Michael thinks it’s time to be honest with ourselves, to admit that even great theatre doesn’t always translate well to the small screen. Do you agree?
Theatre makes terrible telly
Theatre makes terrible telly.
I know that nobody wants to admit it; I dearly wish it wasn’t true. But it is.
And if we keep pretending it isn’t then we’re only fooling ourselves (and alienating potential audiences).
Don’t get me wrong, I love the theatre. In less lock-downy times I would be at some kind of live production two or three times a week.
When the theatres shut I was devastated but also genuinely excited to see all of the productions appearing on streaming lists; there were lots that I’d missed on stage. I assumed I’d be fixed in front of the small screen, via YouTube, iPlayer or one of the numerous online channels. I haven’t been.
I’ve tried, I’ve forced myself to sit through a few. But it seems that (at least from my perspective) you can’t just film a stage show without losing its essence. TV is a different medium, a different lexicon, a different experience.
Live performance is exactly that. It’s the live that makes it special – being there, in a space, experiencing people performing.
Great shows are expansive, visceral, beyond the field of view. Not contained in an illuminated box, competing for attention and easily paused.
Sometimes (all too rarely in my opinion) it kind of works to watch theatre at the cinema because of scale and the weirdness of sitting in the dark with strangers.
But telly is different (certainly not better, just very different).
What you forget, if you go to live shows fairly frequently, is the total artifice of it all.
Somehow you buy into it; you accept the conventions and revel in the breaking of them.
And then one day you’re at home, sitting on the sofa beside people who don’t consider themselves ‘theatre people’ (but are prepared to give it a go).
Tonight it’s your viewing choice.
You’ve fought against the cynicism; you’ve explained how much you love the show you’re about to see.
“Yes, it is theatre. No the men won’t be wearing tights”.
They won’t be wearing tights will they?
You talk about how James Graham has captured a moment in parliamentary history that resonates profoundly in today’s political climate, or…
…how this production allows Christoper Eccleston to embody the tragedy of the Scottish King with such an immediacy that the language feels perfectly of our time, or…

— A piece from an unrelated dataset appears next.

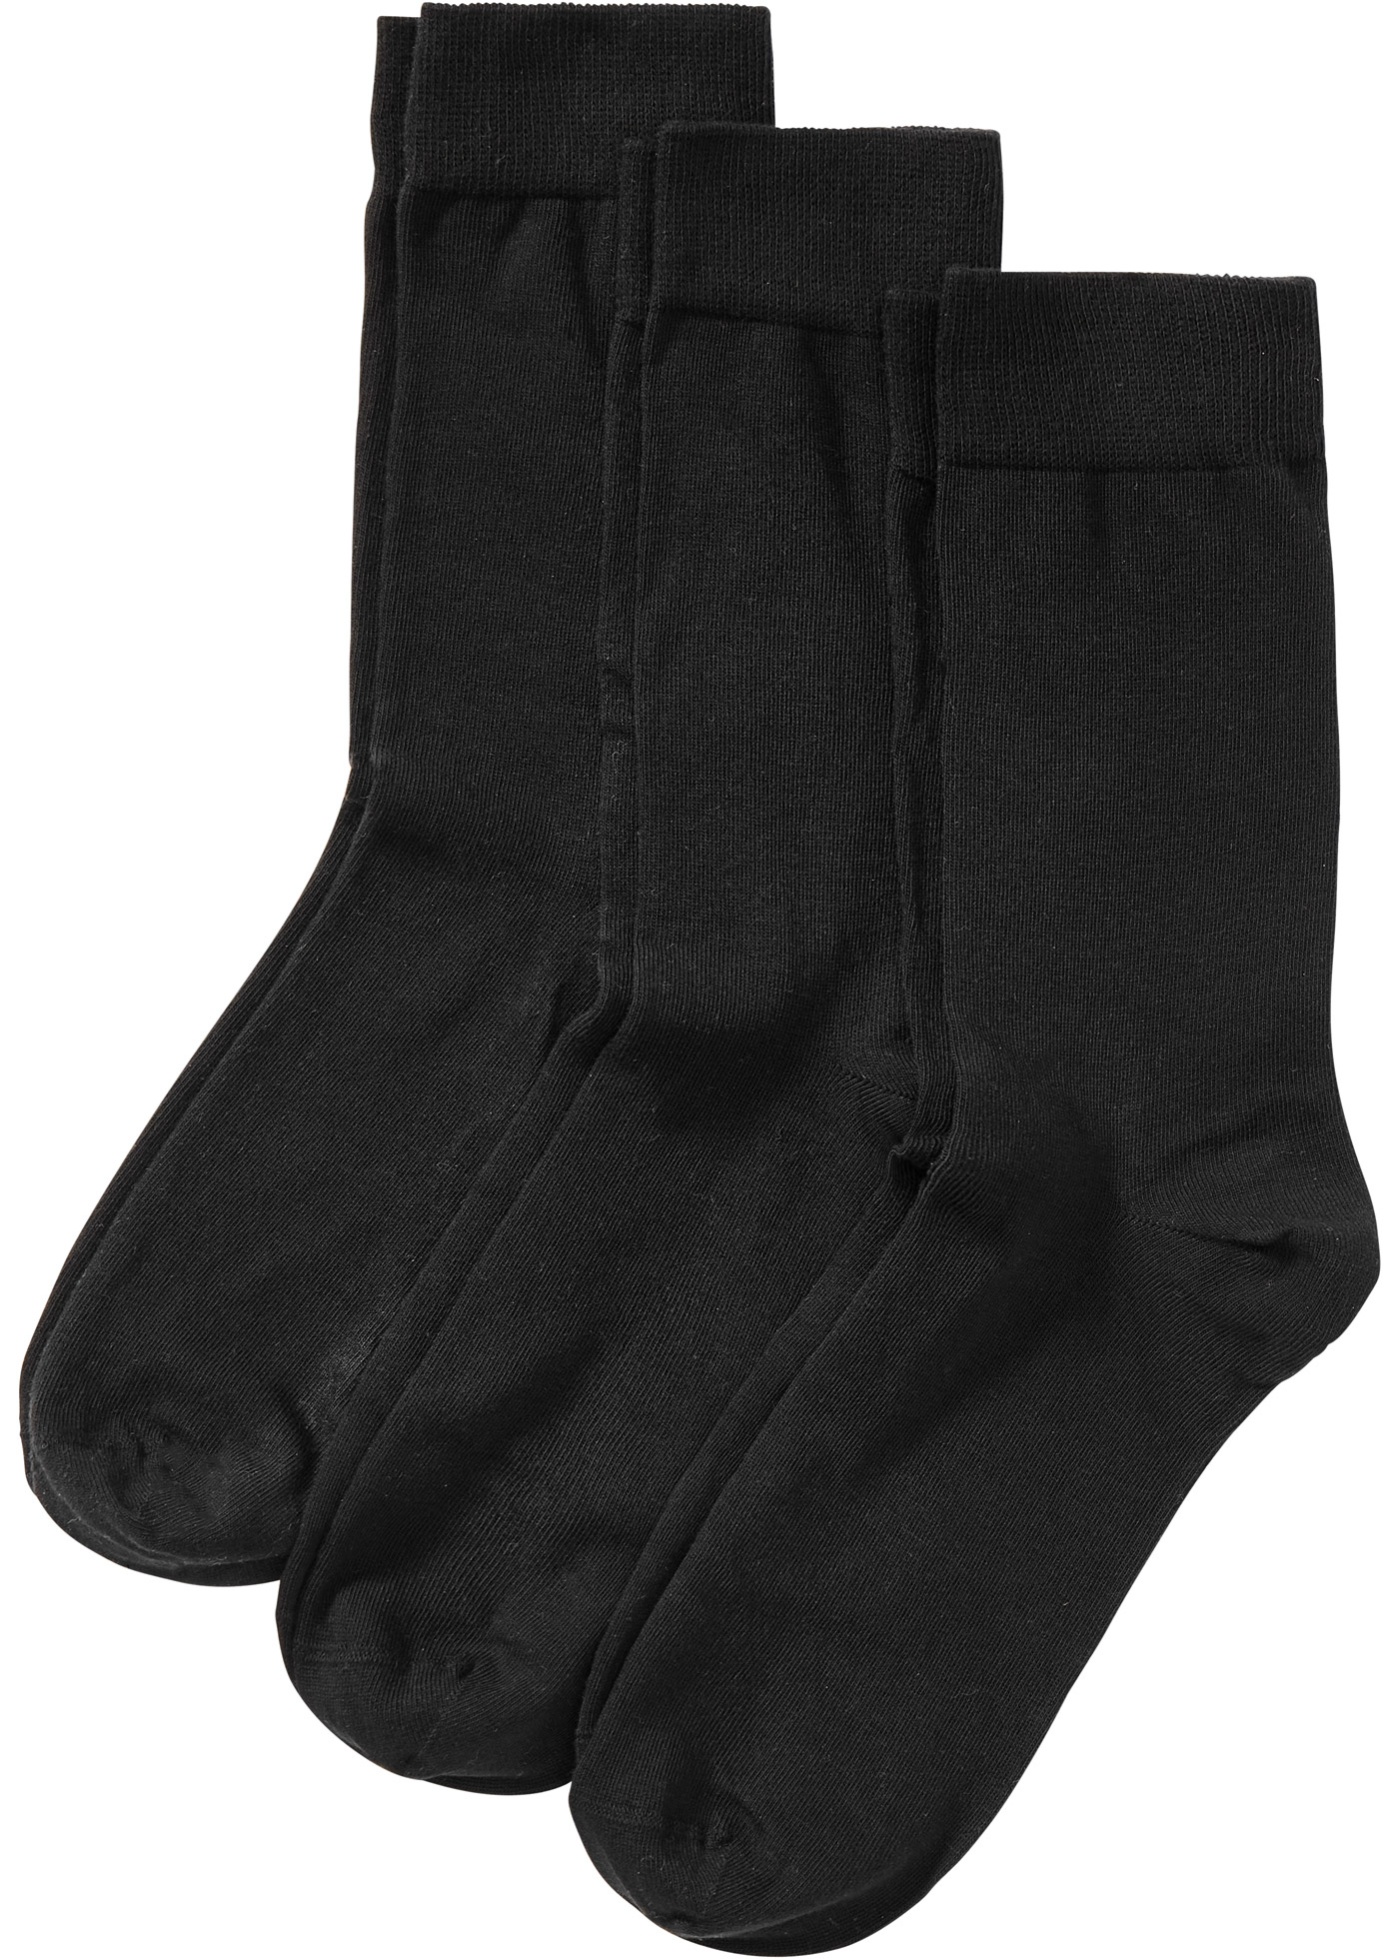 Ponožky, vysokohodnotné (3 ks v balení), s exkluzívnym pocitom na nosenie s bio bavlnou

…how you’d never taken Tom Hiddleston seriously until you’d sat feet away as blood dripped from his Coriolanus.
You press play, sit back to welcome your household into the world of theatre, and…
Oh God, it’s just crap telly.
The televisual language is all wrong.
You shuffle in your seat. You put on a brave face, pretending to like it.
Someone in the room mutters, “Why is everybody shouting?”
But the actors keep bellowing at each other; their movement is exaggerated; the lighting is brutal and overblown; sound booms in and cuts out, there’s clattering and footsteps. The staging is ‘clever’ but the stage contains the players at fixed sizes, fixed distances; the camera work feels so clumsy, even when it’s weaving around them.
And the audience. God the audience are infuriating – coughing, sneezing, and laughing uproariously at the least funny thing. Are audiences really like that?
Twenty minutes in and your sofa-mates are more than shuffling, they’re scrolling through their Instagram, or gone to the loo, or fetched some beers from the fridge.
“Honestly”, you explain, “you’d have loved it if you’d been there”.
But they are unconvinced.
You turn it off and turn it over, and you settle in to watch second rate drama or ‘reality’ TV that somehow feels more properly made in the language of telly (with its zooms, close-ups, cut-aways, and establishing shots).
You’ve lost them.
Theatre has lost them.
They will never understand why anyone would pay all that money (and give up all of that travel time) to see a less good version of the stuff they get for ‘free’, every night.
And that is the tragedy.
They will never know how truly life affirming, perception shifting and totally engrossing good theatre can be. They will never sob into their sleeve at a single turn of phrase, or emerge into the dark a different person to the one who went in from the light.
And they’ll never campaign to protect public subsidy, or support a local venue through their membership, or donate to a campaign for more open access.
Of course, it doesn’t have to be that way. Actors, directors, producers, companies are reinventing their performance, specifically for the medium…
I’ve been part of some great live and filmed events, via Zoom (thanks to Forced Entertainment and to Fuel for those),
And when theatre makers reinvent their performance, with a small screen in mind, the results can be incredibly powerful (see Ross Sutherland’s The Lost Episode on BBC iPlayer for a great example).
I’ve loved being exposed to short-form, single-person plays on YouTube. I guess they’ve always been there but I wouldn’t have found them in different times.
It doesn’t look like I’ll be in a theatre any time soon, so I am excited to see how our endlessly inventive sector will reimagine the theatrical form for ever smaller screens.
But, masterful though his performance really was, on stage, please don’t ask me to watch James Cordon’s One Man, Two Guvnors on my telly again.